Last edited by anomie; 01-26-2009 at 11:39 AM.
 
Old 01-26-2009, 11:46 AM   #3
dglinder
LQ Newbie
 
Registered: Jan 2009
Posts: 6

Original Poster
Rep: Reputation: 0
Quote:
Originally Posted by anomie View Post
Can you post your yum log following the update? I'm curious to see the packages that were updated.
Ummm. I can't boot the system so I have no access to the logs. Today I will try to boot from the rescue CD and see if I can get networking and local drive access set up that way but so far I can't get anyone into the machine room.

I installed RHEL 5.2 on it around last October and at that time I ran a yum update so it was current until then. I do remember that it updated something like 370 packages, which I did think was a lot.
 
Old 01-26-2009, 11:49 AM   #4
anomie
Senior Member
 
Registered: Nov 2004
Location: Texas
Distribution: RHEL, Scientific Linux, Debian, Fedora, Lubuntu, FreeBSD
Posts: 3,930
Blog Entries: 5

Rep: Reputation: Disabled
For someone to (try to) help, you're going to need to be able to actually access the system. Post back at that time...
 
Old 01-26-2009, 11:51 AM   #5
anomie
Senior Member
 
Registered: Nov 2004
Location: Texas
Distribution: RHEL, Scientific Linux, Debian, Fedora, Lubuntu, FreeBSD
Posts: 3,930
Blog Entries: 5

Rep: Reputation: Disabled
By the way, since it sounds like you're able to access your grub boot menu, have you tried booting to single-user mode?
 
Old 01-26-2009, 01:27 PM   #6
dglinder
LQ Newbie
 
Registered: Jan 2009
Posts: 6

Original Poster
Rep: Reputation: 0
Quote:
Originally Posted by anomie View Post
By the way, since it sounds like you're able to access your grub boot menu, have you tried booting to single-user mode?
Thanks to everyone for suggestions. It turns out that GRUB was in fact using the serial console redirect, so all the output was falling out the serial port instead of going to the scree. Booting without that option gives a lot more information.

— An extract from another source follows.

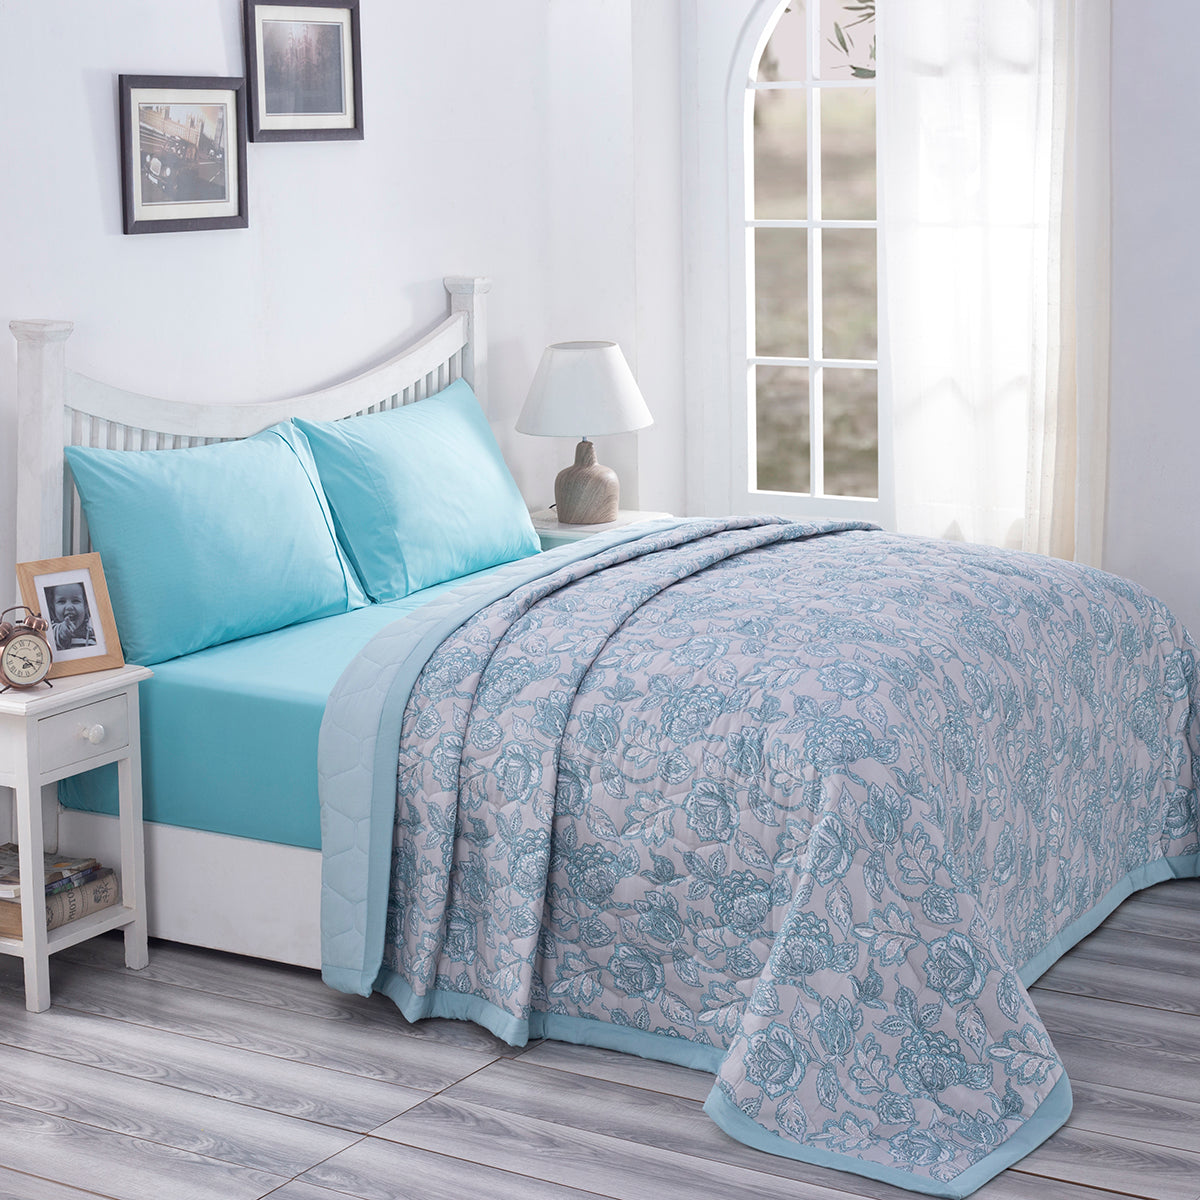 PBS Nomad Scuplt Orlean Summer AC Quilt/Quilted Bed Cover/Comforter Blue
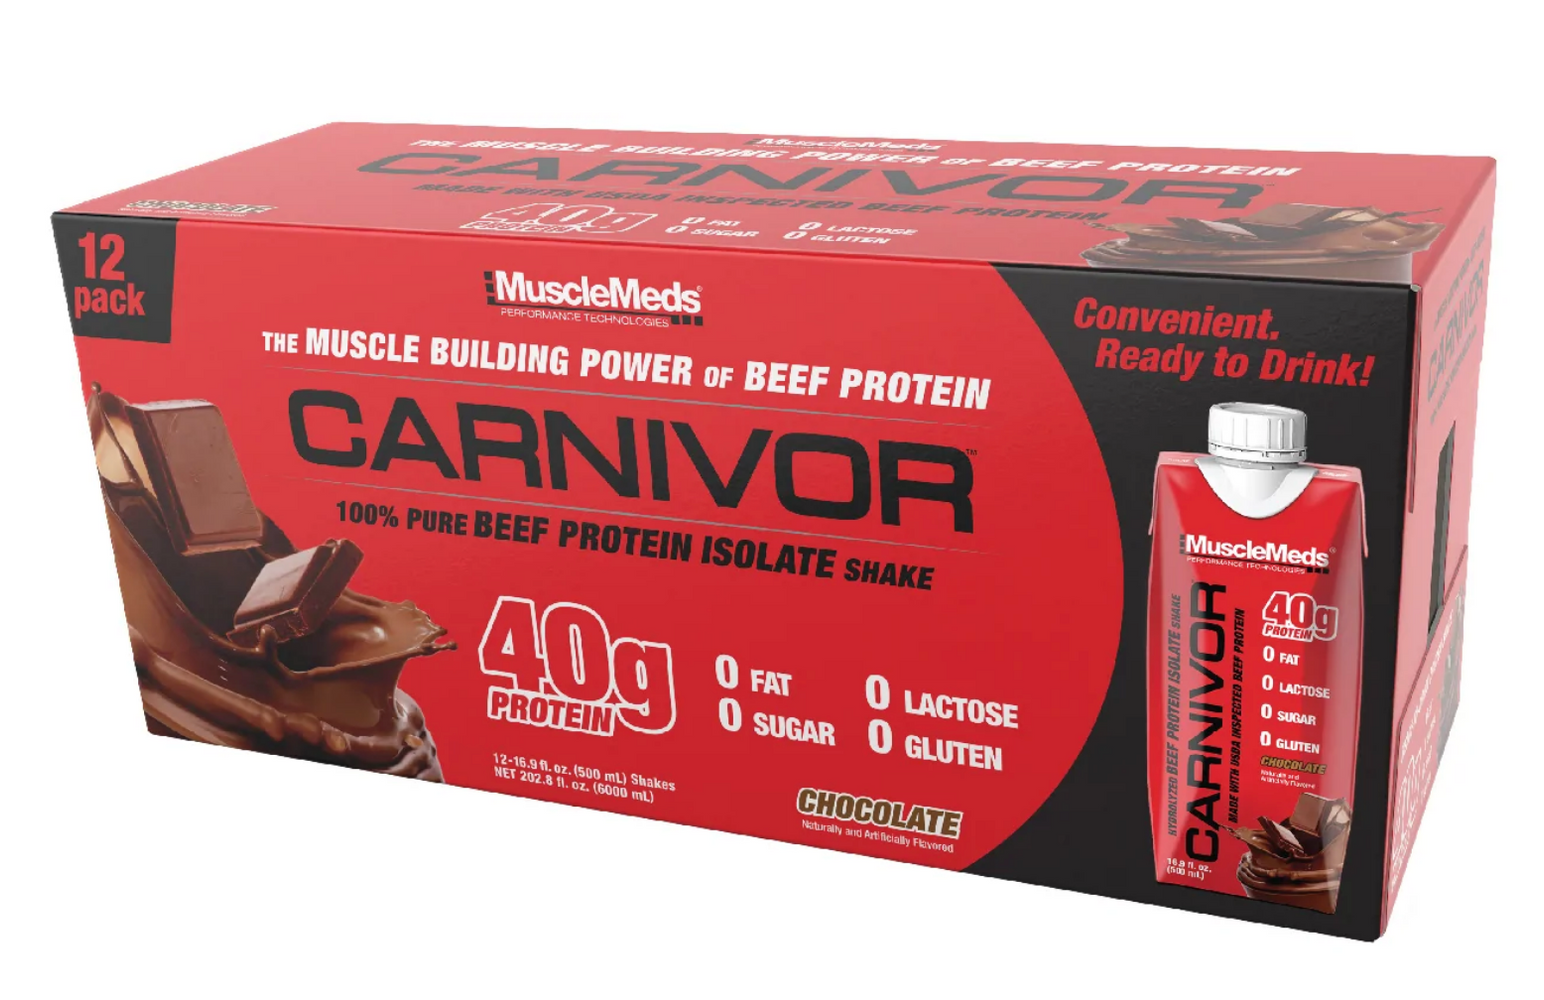 MuscleMeds Carnivor Ready-To-Drink Beef Protein Isolate Protein Shake, Chocolate Flavor, 12 ct

It looks like the update hosed a filesystems somewhere. The two drives in the system are in a hardware mirror through a PCI card, and they are using LVM. The kernel goes through the normal "checking filesystems" stuff, and decalres that /dev/mda, /dev/vg00/vol00 through vol04 are all clean. The it gets to /dev/ha and says:

fsck.ext3: No medium found while trying to open /dev/hda
/dev/hda:
The superblock could not be read or does not describe a correct ext2 filesystem. If the device is valid and it really contains an ext2 filesystem (and not swap or ufs or something else), then the superblock is corrupt, and you might try running e2fsck with an alternate superblock:
e2fsck -b 8193 <device>

The it falls to the "give root password for maintenance" thing.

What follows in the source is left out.